Le théâtre est vraiment le point d'ancrage. Vous montez scène avec une pièce signée Laurent Ruquier. Par moment, il a eu du mal à trouver les mots, du coup, il a trouvé un subterfuge, celui d'incorporer des chansons parce qu'une chanson, en trois minutes, dit tout ce qu'on n'arrive pas forcément à dire. Cette pièce de théâtre est un peu un symbole de ce que représente finalement la vie pour vous, votre vie à vous, en tout cas. La scène, mais en famille !

Oui, je pense. Laurent a écrit pour moi cette pièce, comme il avait écrit la première, c'est vraiment du sur-mesure. Quand il écrit, il écrit une femme sensible, amoureuse de la vie, folle de chansons, mais qui a un réel besoin d'amour et je pense que c'est ce qu'il a réussi à dessiner chez moi.

Est-ce que ce n'est pas le théâtre qui vous a permis de vous trouver, de savoir davantage qui vous étiez ?

C'était un peu en moi aussi. Quand je vous disais que j'étais beaucoup toute seule, je passais beaucoup de temps à me déguiser, je regardais des films et puis je refaisais le film. J'écrivais des sketchs avec mon cousin. Je pense que j'aimais ça de toute façon, c'est sûr. Et puis après, on ne savait pas comment attraper ce métier quand on n'était pas dans ce milieu, pas dans ce réseau. Qu'est-ce qu'on fait où on va ? On entend parler de la Comédie-Française, du théâtre de boulevard, mais comment on va là ? C'était assez nébuleux dans ma tête. C'est ce qui fait que j'ai fait des études de Droit un peu en me disant : ça me laissera le temps de patienter... Et puis ça faisait effectivement plaisir à mon père. Et un jour, je suis arrivée aux cours Viriot et j'ai décidé que c'était là ma vie. Et j'ai eu le soutien total de mes parents.

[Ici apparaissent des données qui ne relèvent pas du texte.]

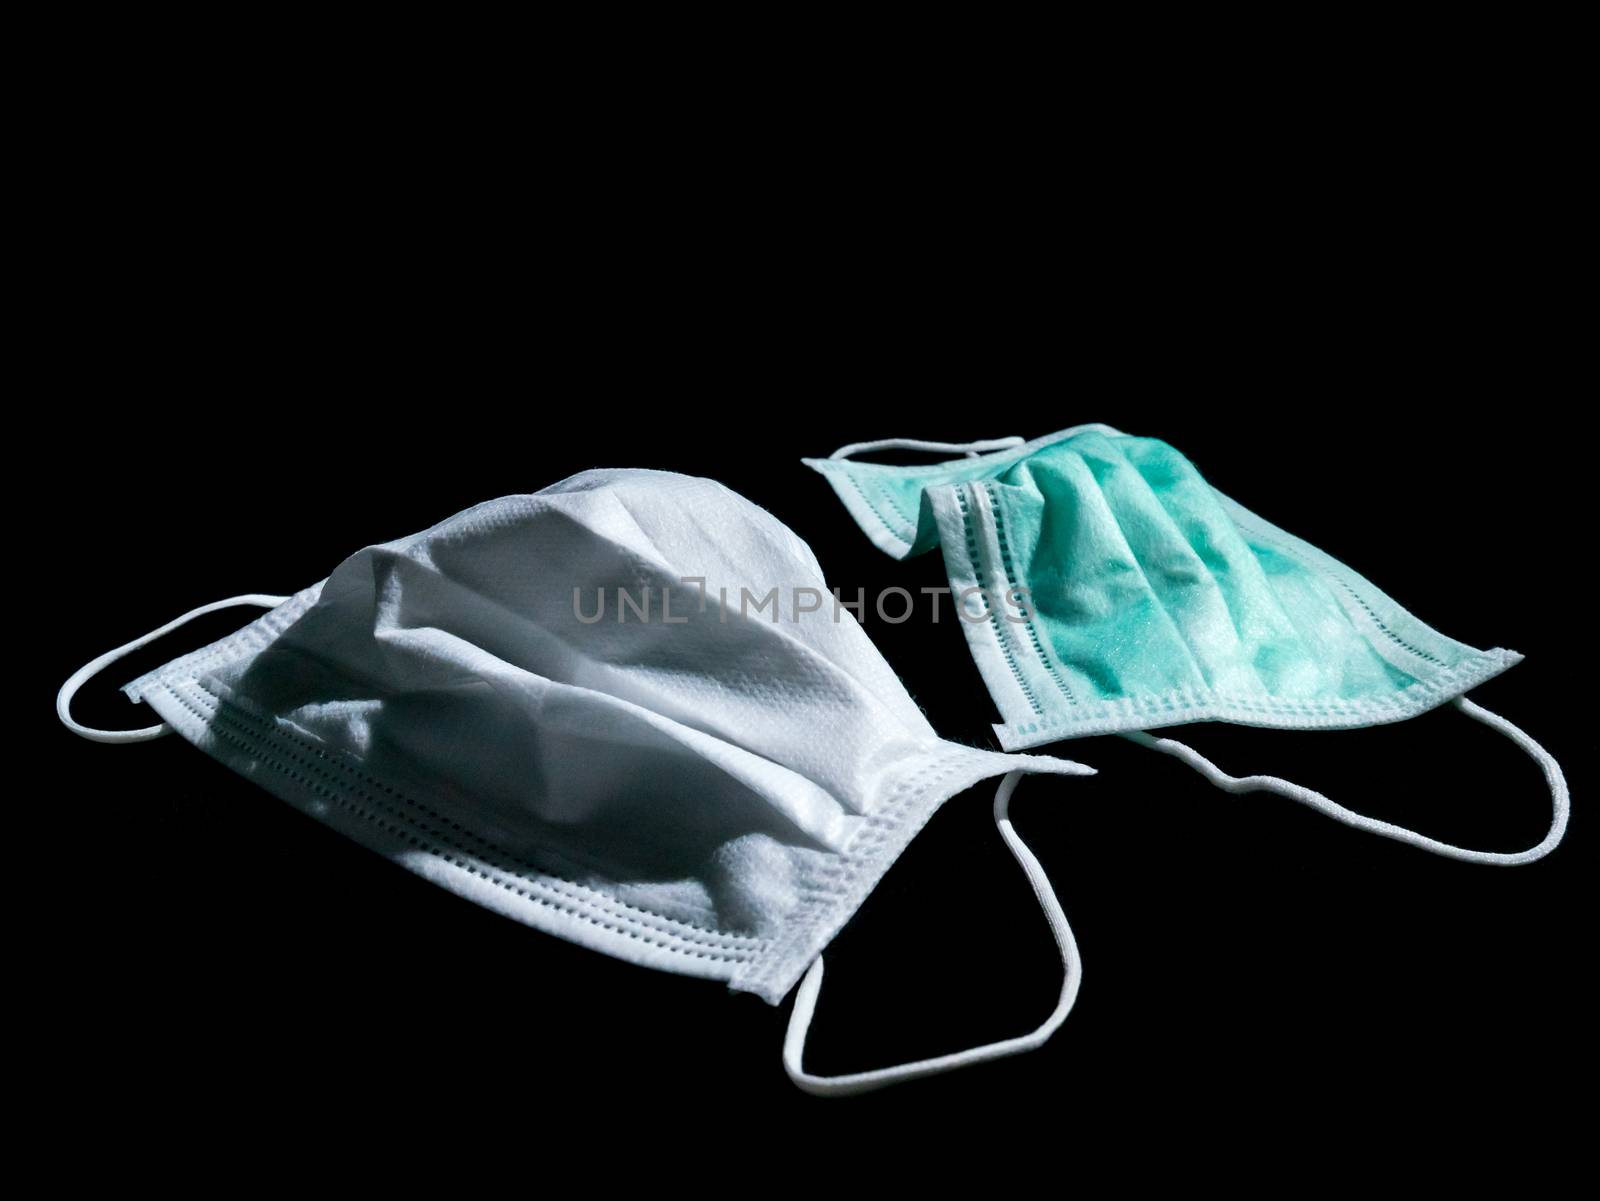 Used white and green surgical mask place on black background, Dark tone.

Avec une arme, l'humour. C'est important d'en parler parce que dans cette pièce de théâtre, Je préfère qu'on reste ensemble. C'est l'humour qui permet de désamorcer les bombes, la crise, tout ce qui va avec. Et on se rend compte à quel point l'humour vous a toujours accompagné et sans doute permis de traverser les étapes difficiles que vous avez rencontré.

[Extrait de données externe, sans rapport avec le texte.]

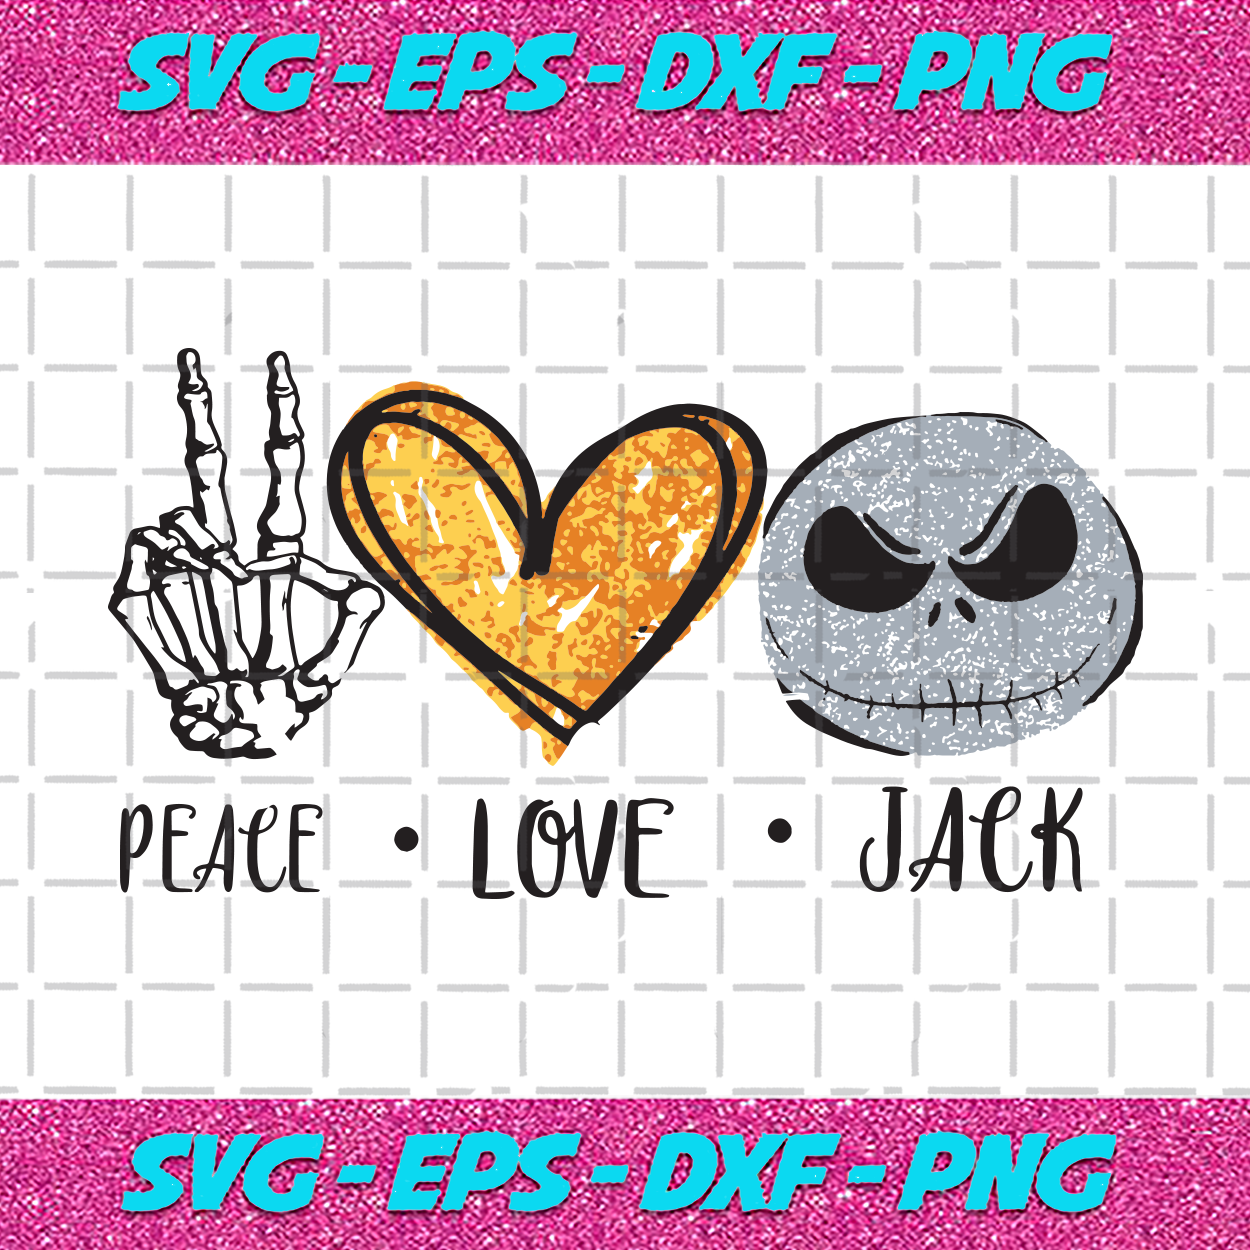 Free Free 151 Peace Love Nightmare Svg SVG PNG EPS DXF File

L'humour, c'est quelque chose qui entraîne de la lucidité et je pense que c'est ce qui fait peur. D'ailleurs, on le sait, il y a peu d'humoristes dans les dictatures parce que ça fait peur.

Michèle Bernier

à franceinfo

Je pense qu'à partir du moment où on sait avoir un regard un peu décalé sur les choses, on peut arriver à en rire. C'est une forme d'esprit qui fait qu'on détricote un peu le pull et qu'on finit par se dire : ce pull n'est pas si terrible que ça , il n'était pas si extraordinaire, voilà, ça deviendra des chaussettes ou ça restera dans le tiroir. Bref, j'ai l'impression qu'il y a une transformation des choses qui est importante. Si on les laisse telles quelles, effectivement, on garde des mauvais souvenirs en soi, on peut devenir aigri, malheureux et triste.